La rencontre entre le Pape François et le Patriarche Cyrille prendra une dimension historique après 1000 ans de brouille mais aussi géopolitique, car le Vatican espère s’appuyer sur la Russie pour protéger les Chrétiens d’Orient menacés par Daesh.
Pour la première fois depuis le schisme historique de l’an 1050, le pape catholique va rencontrer le plus important patriarche de l'orthodoxie, celui de Moscou, Cyrille 1er. La rencontre aura lieu en terrain neutre, c’est à dire à La Havane, capitale de Cuba, vendredi prochain, le 12 février. C’est un événement considérable à l’échelle de l'histoire des Églises chrétiennes. Paul VI avait rêvé de pouvoir établir ce pont avec Moscou. Jean-Paul II a déployé toute son énergie pour y arriver, mais le fait qu’il fût polonais n’a pas permis de voir son rêve aboutir. Quant à Benoit XVI, il a continué à œuvrer pour ce rapprochement. La rencontre a même été, un moment, envisagée dans un monastère allemand, avant qu’elle finisse par échouer.

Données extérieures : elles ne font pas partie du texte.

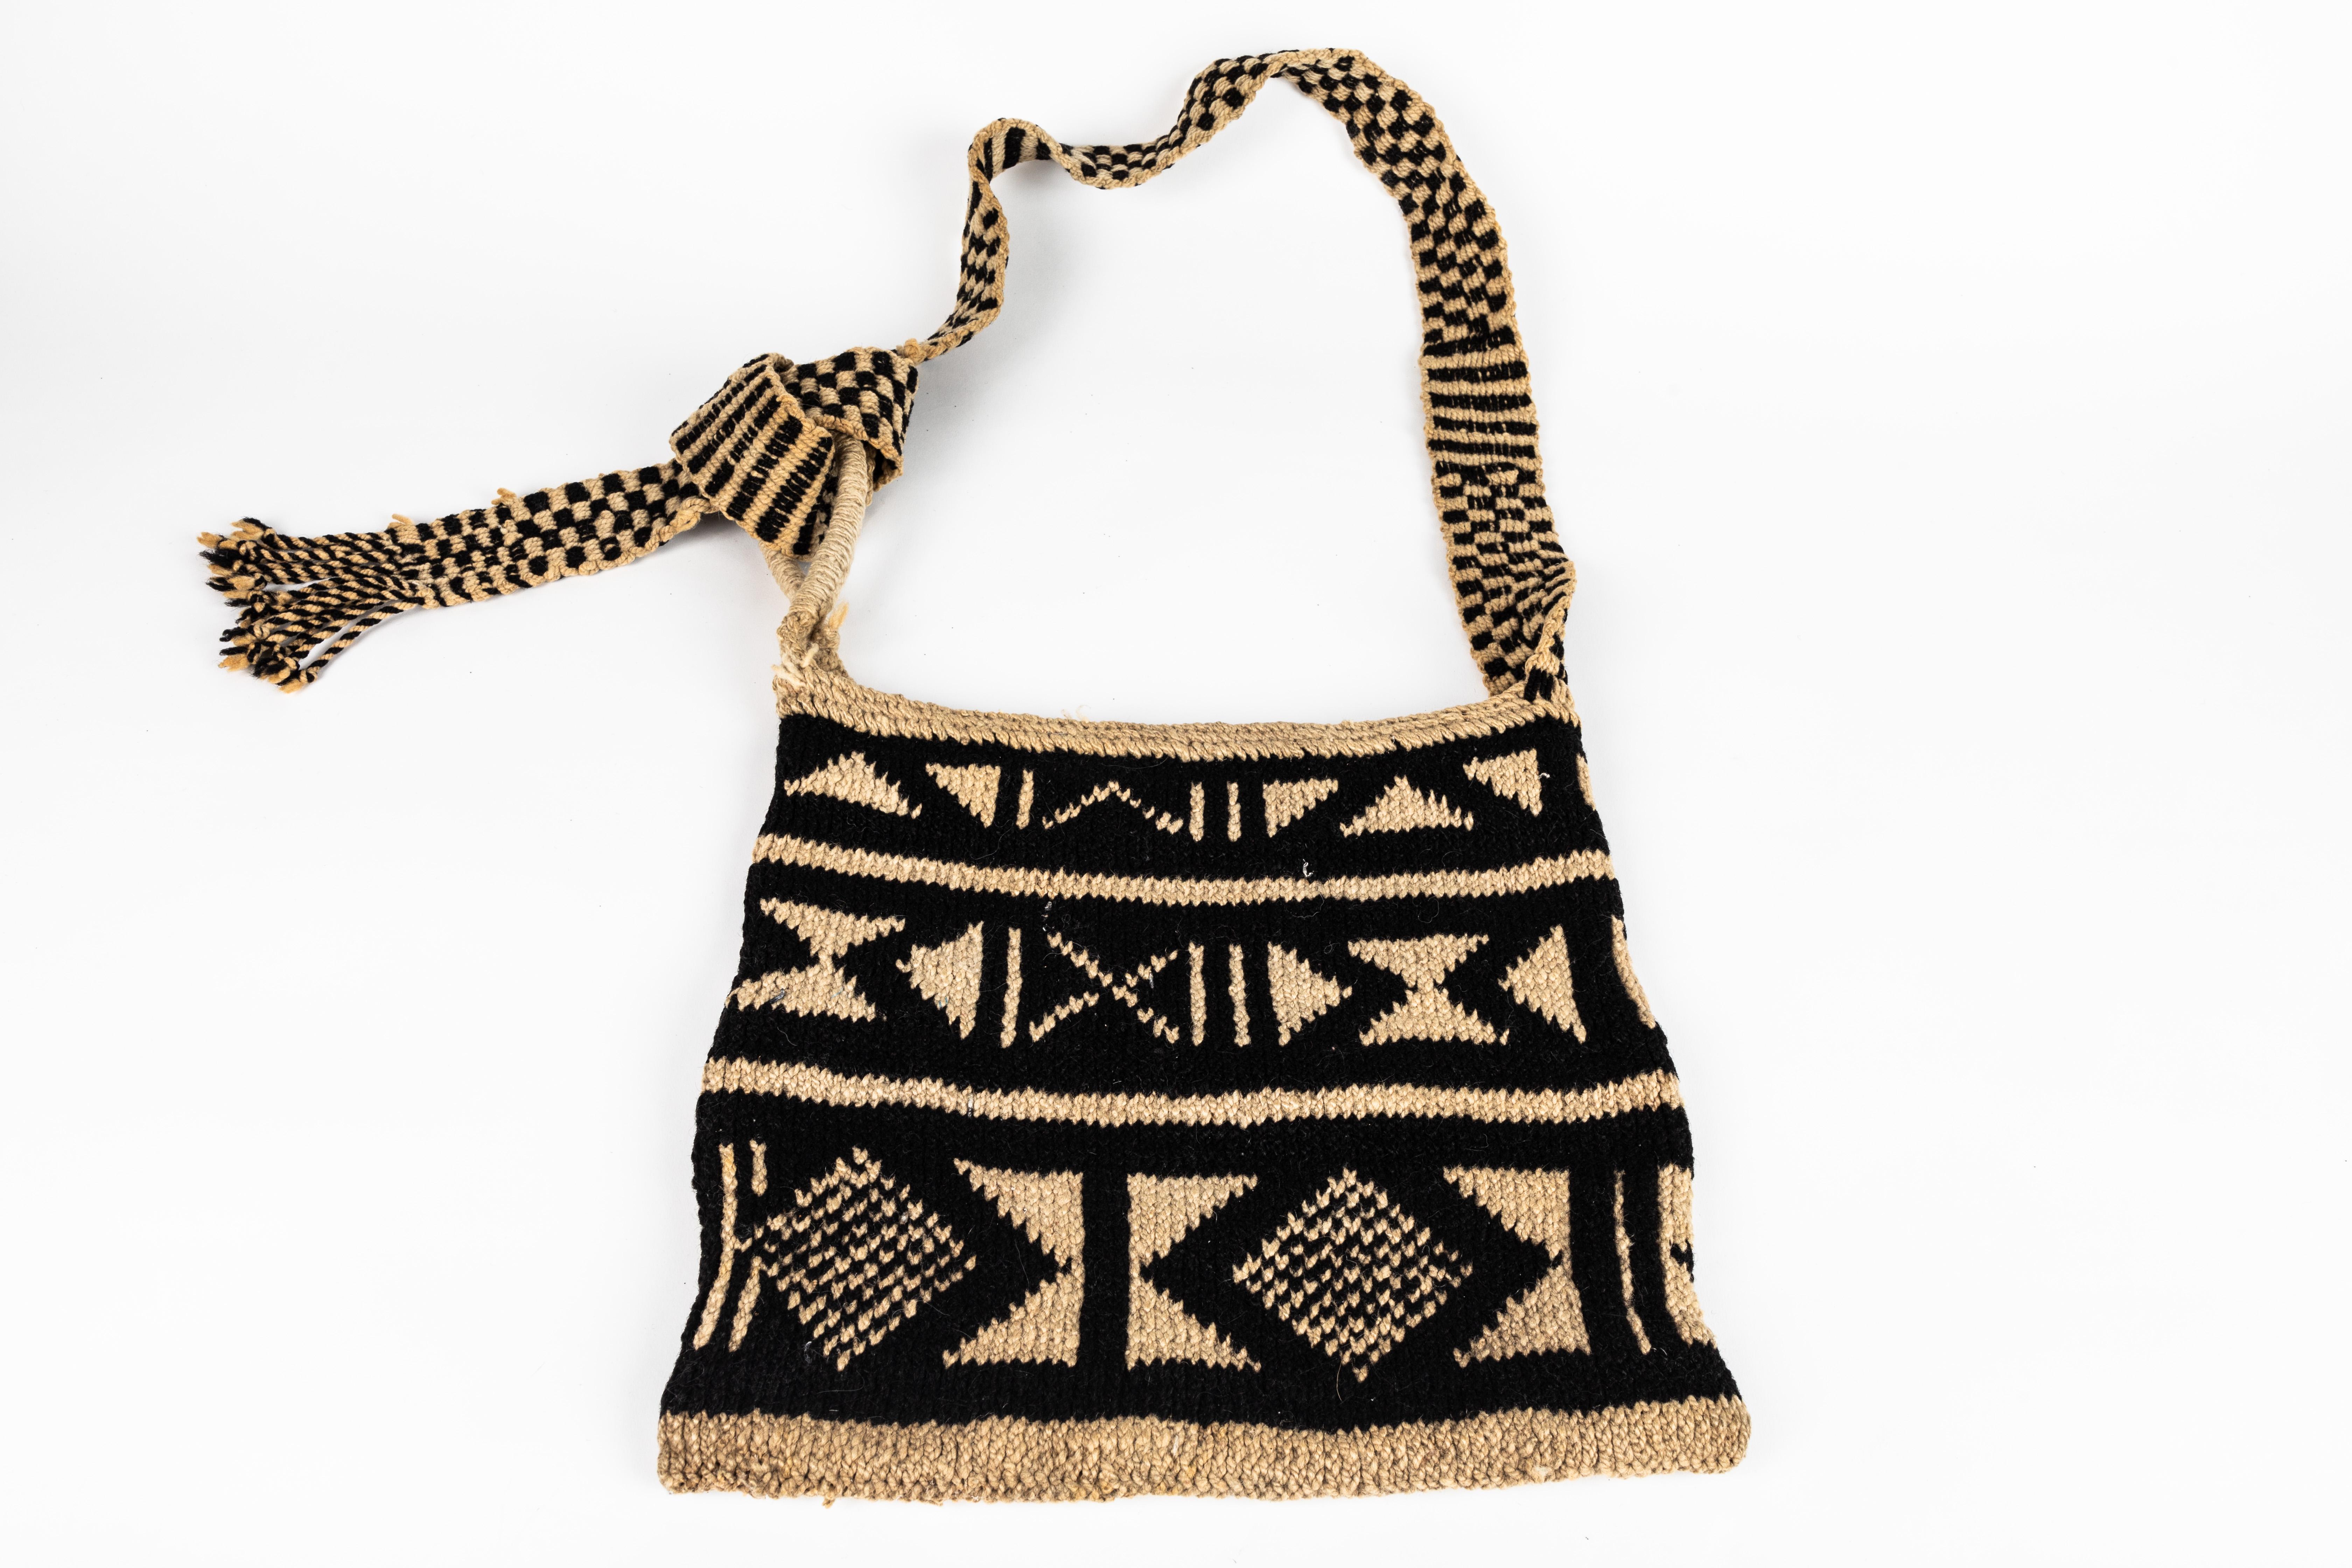 Contemporary Mexican Handwoven Decorative Bag 5

L’un des points majeurs à l’agenda de leur entretien sera la question de l'Église gréco-catholique très présente en Ukraine
Ces deux grands hommes d’église, que sont le Pape François et le Patriarche Cyrille 1 er, ne se connaissent pas. En revanche leurs entourages respectifs ont déjà largement déblayé le terrain pour que cette rencontre historique soit également fructueuse pour chacun des deux. L’un des points majeurs à l’agenda de leur entretien sera la question de l'Église gréco-catholique très présente en Ukraine (une Église orientale rattachée à Rome mais dont la liturgie et la culture sont proches de l'orthodoxie). Celle-ci fût très persécutée sous le régime communiste, avant de retrouver de la vigueur après la Chute du Mur de Berlin et le soutien appuyé de Jean-Paul II. Le problème de cette renaissance de l'Église gréco-catholique ukrainienne est qu’elle fut interprétée par l'Église orthodoxe russe comme la preuve de la volonté de Rome de chercher à convertir la Russie au catholicisme… Ce qui refroidit les relations pour longtemps.
Toute la question est de savoir pourquoi cette rencontre attendue depuis un millénaire par tous les chrétiens du monde se produit maintenant. Il y a trois explications. D’abord Moscou a bien compris que le Pape François, par son origine latino-américaine et par sa formation de jésuite n’avait aucune ambition de prosélytisme ou de reconquête de la Russie, et qu’il était plus souple à négocier sur la question de l’église ukrainienne que Jean-Paul II ou Benoit XVI. D’autant plus qu’à l’inverse de ses prédécesseurs l’actuel souverain pontife a pris ses distances vis-à-vis des gréco-catholiques ukrainiens.
Il faudrait souhaiter que la diplomatie européenne prenne leçon du formidable discernement que nous offrent le Pape François comme le Patriarche Cyrille 1er
La seconde raison tient à la conjonction d’intérêts que le Patriarche Cyrille 1er comme le pape François trouvent dans le sujet de la protection des Chrétiens d’Orient, qu’ils soient en Syrie, en Irak, en Egypte ou en Terre Sainte. Cette question de la présence, sur ces territoires où est né le Christianisme, de communautés persécutées ou de plus en plus marginalisées est devenue la priorité du Pape comme du Patriarche. Et face à la menace de Daesh ils ont décidé d’unir leurs forces. Et de le faire aux yeux du monde.
La dernière raison tient à l’immense respect que le Pape François a pour Vladimir Poutine. Un respect réciproque. On se souvient qu’à l’ouverture d’un sommet international en septembre 2013 où la question de la Syrie devenait déjà très épineuse, le Président Poutine avait ouvert les travaux par la lecture publique d’une lettre personnelle que lui avait écrite le Pape François. Quant à ce dernier, il n’a jamais caché son admiration pour le président russe, qui s’engage en permanence aux côtés de l’église orthodoxe, qui s’est mobilisé très tôt pour la défense des Chrétiens d’Orient et qui œuvre jour après jour pour que la Chrétienté puisse résister au choc des civilisations que veut lui imposer le monde musulman.
Il est donc très loin le jour où Staline demandait sur un ton ironique : « le Vatican, combien de divisions ? » Et très loin aussi le temps où Jean-Paul II affichait sa méfiance à l’égard de Moscou. Il faudrait souhaiter que la diplomatie européenne prenne maintenant leçon du formidable discernement que nous offrent le Pape François comme le Patriarche Cyrille 1er, et considère enfin la Russie comme un allié naturel, fiable et historique.